- WHAT YOU ARE ASKED TO DO:
What is wanted is the full listing, word for word, without its pictures.

- SUPPLIED MATERIAL:
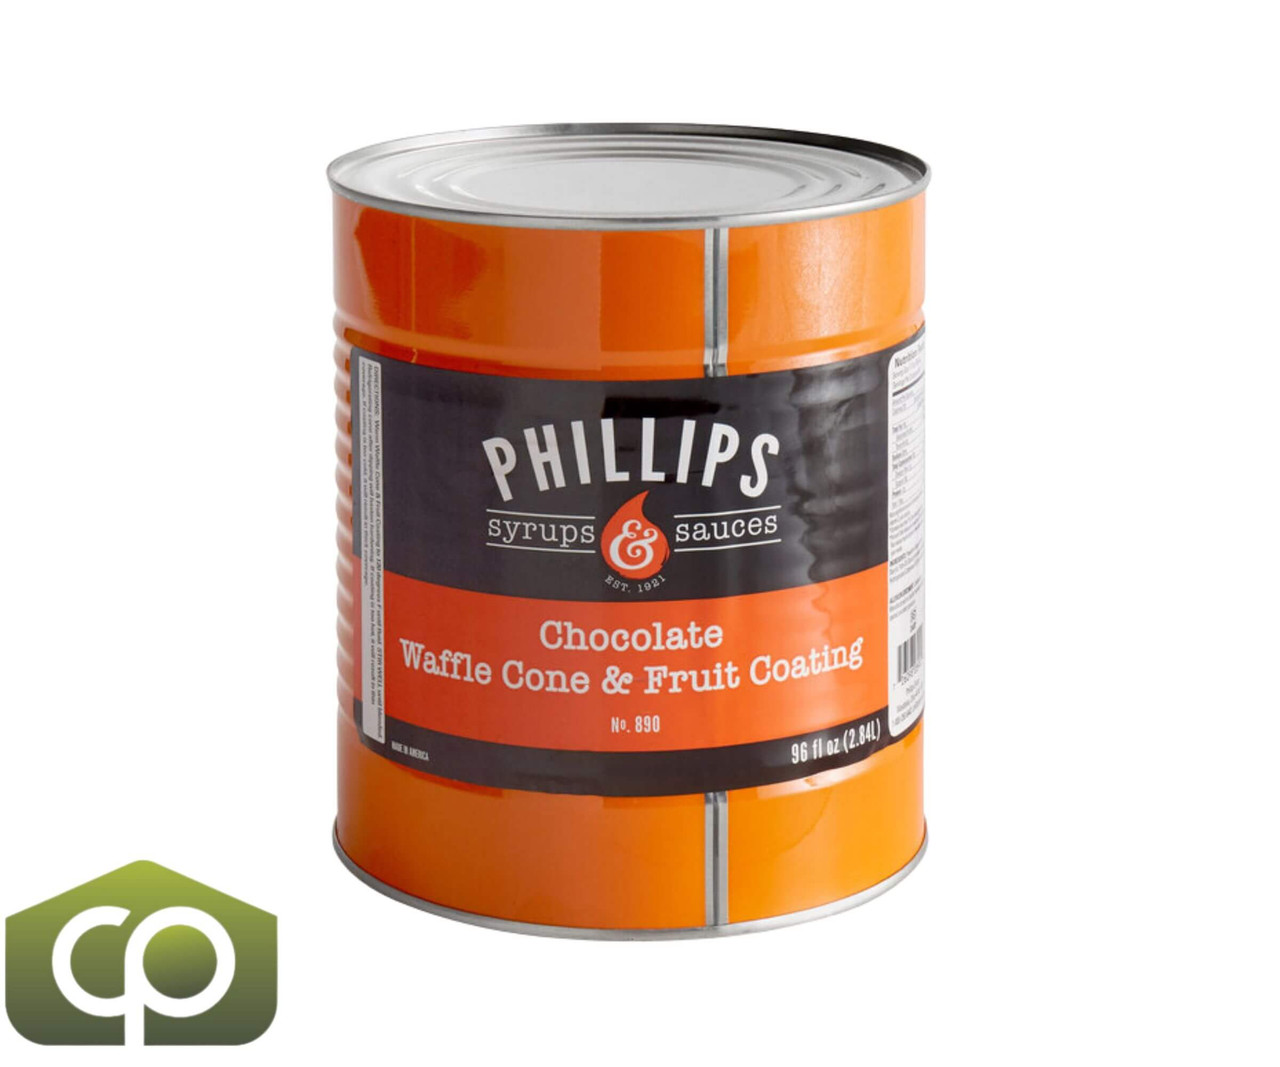 Phillips Chocolate Ice Cream Cone Dip and Fruit Coating - 8 lbs. (3.63 kg) - #10 Can-Chicken Pieces
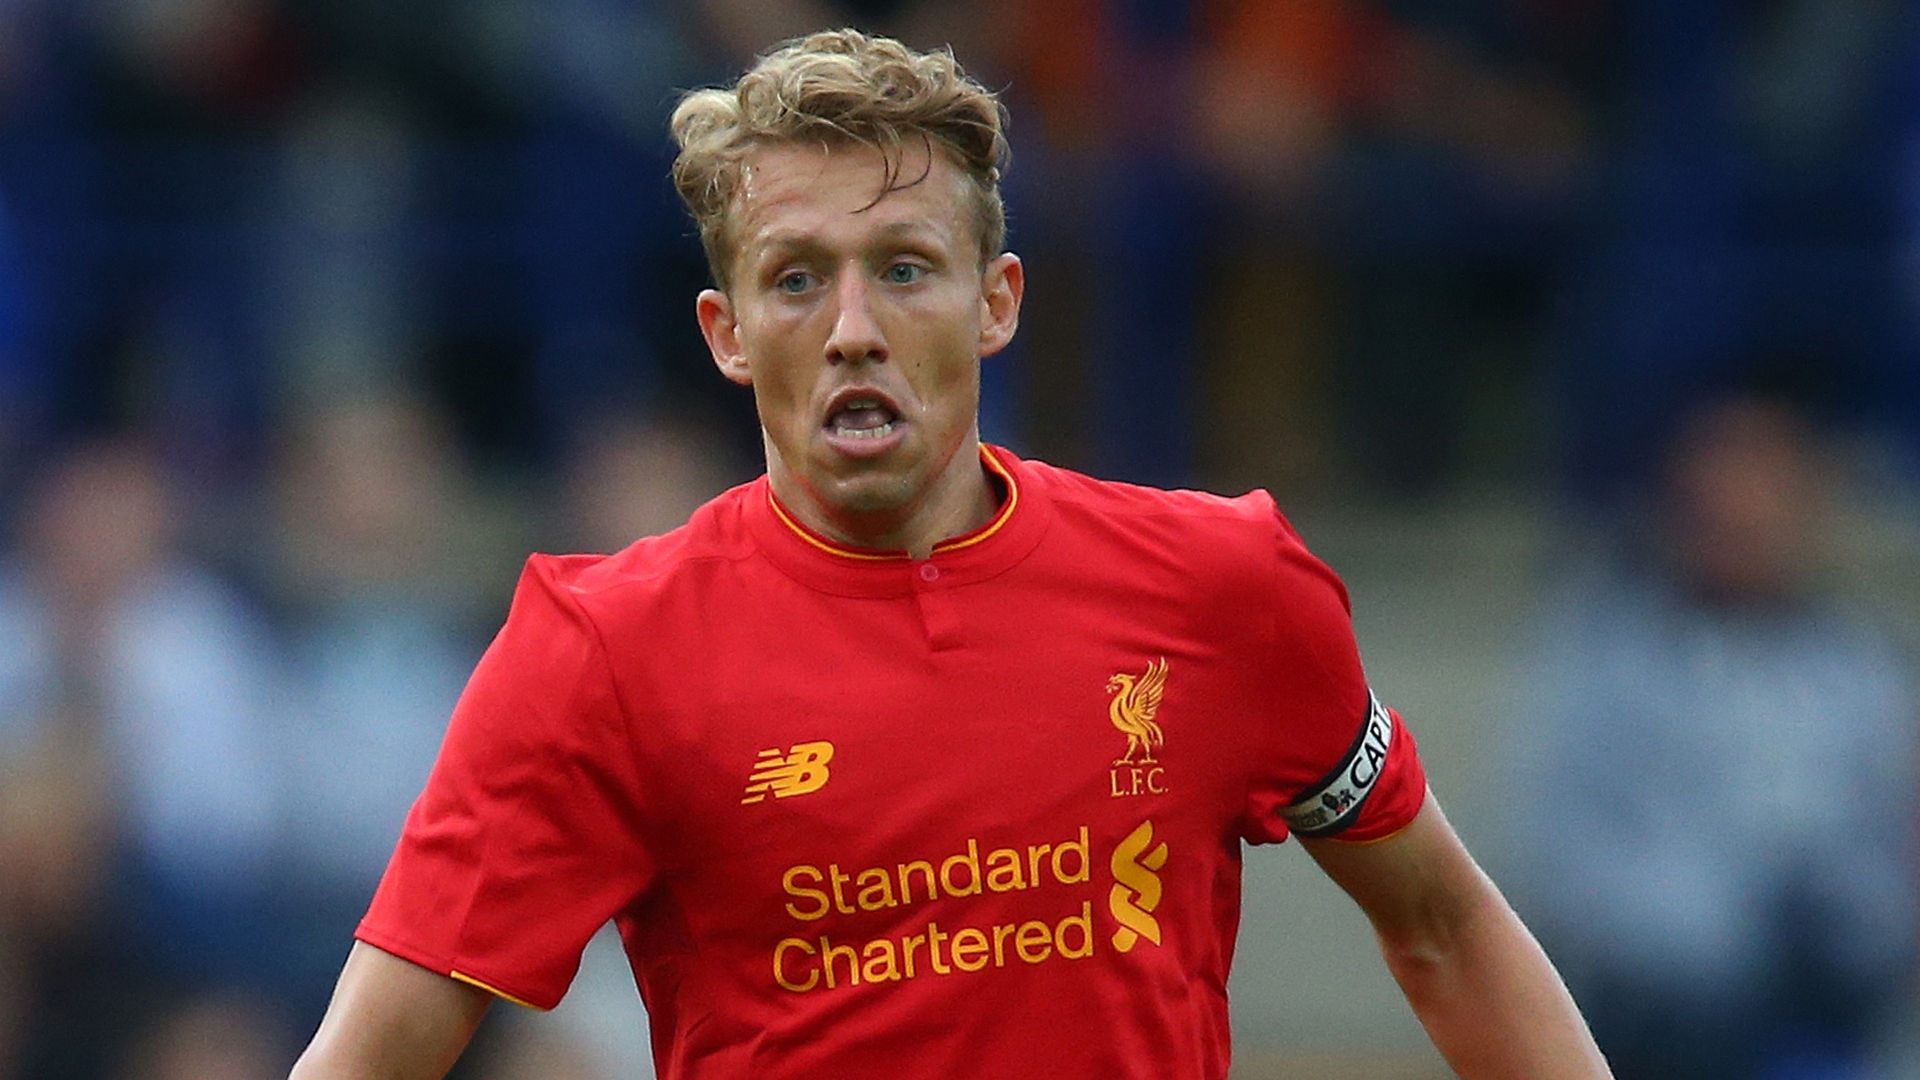 Lucas has no regrets over Liverpool exit after growing unhappy at Anfield
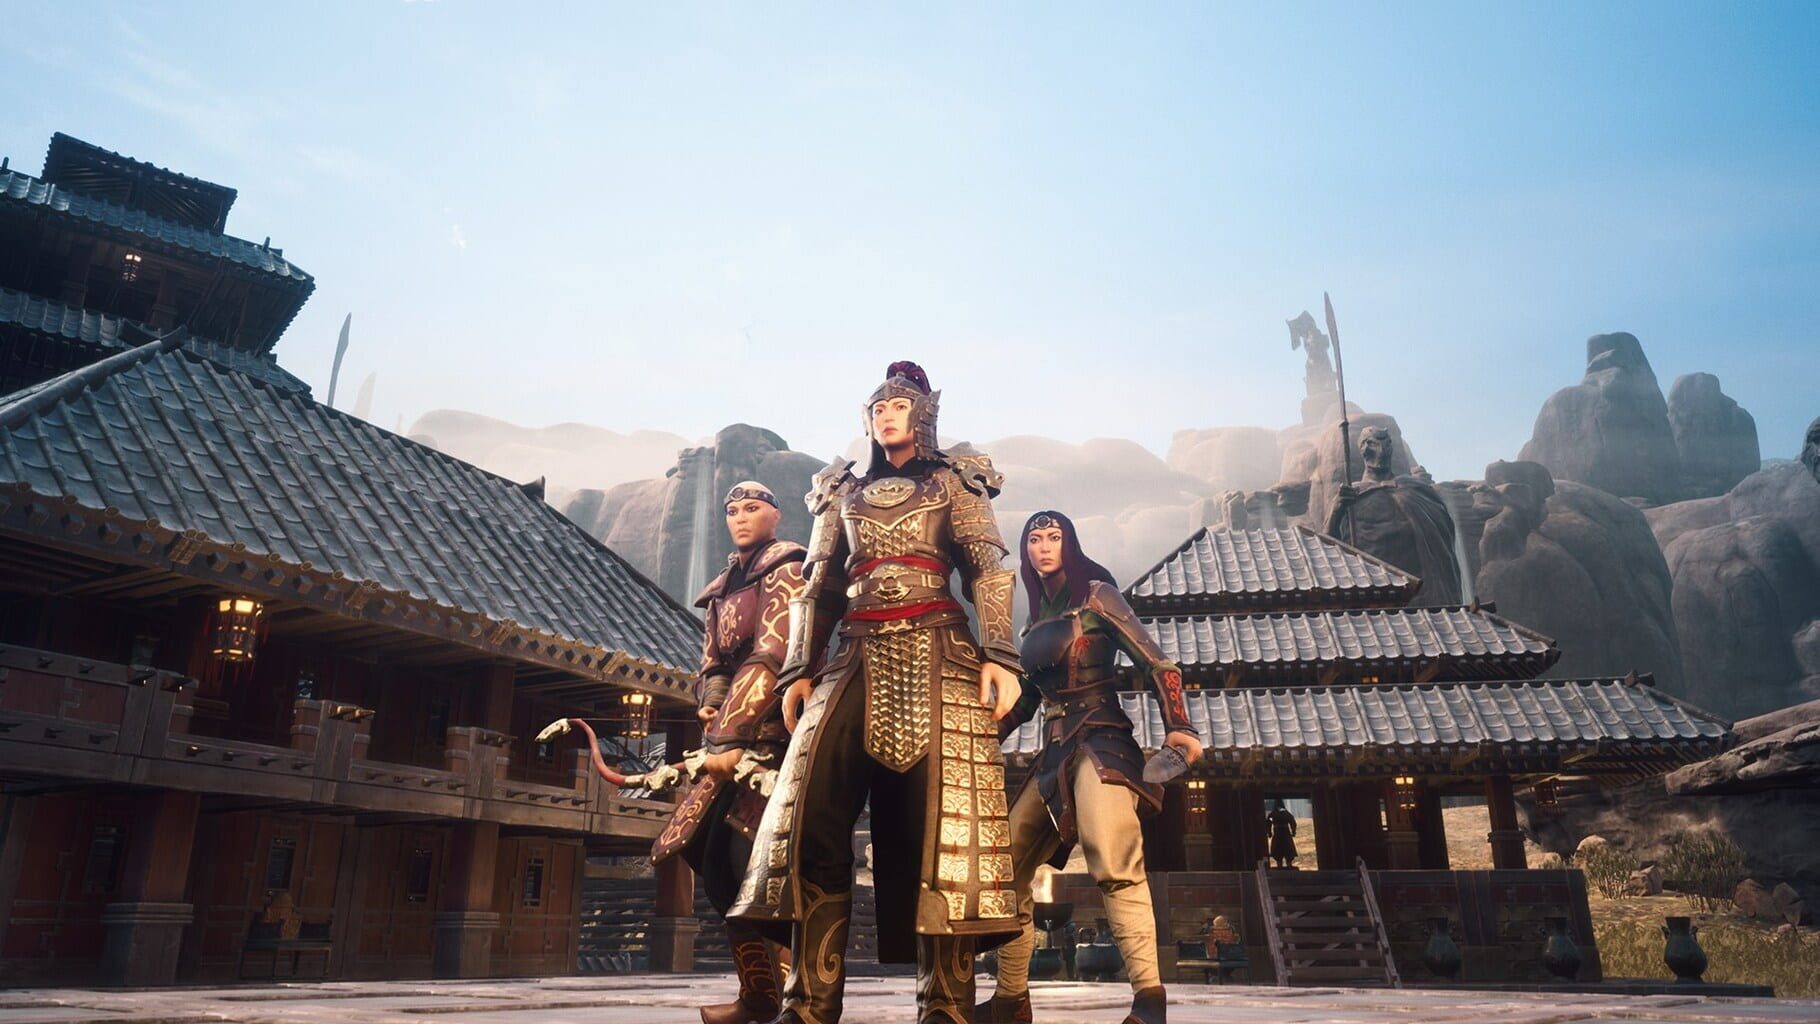 Conan Exiles: The Imperial East Pack Image

- FINAL ANSWER:
 Phillips Chocolate Ice Cream Cone Dip and Fruit Coating - 8 lbs. (3.63 kg) - #10 Can-Chicken Pieces
 Lucas has no regrets over Liverpool exit after growing unhappy at Anfield
 Conan Exiles: The Imperial East Pack Image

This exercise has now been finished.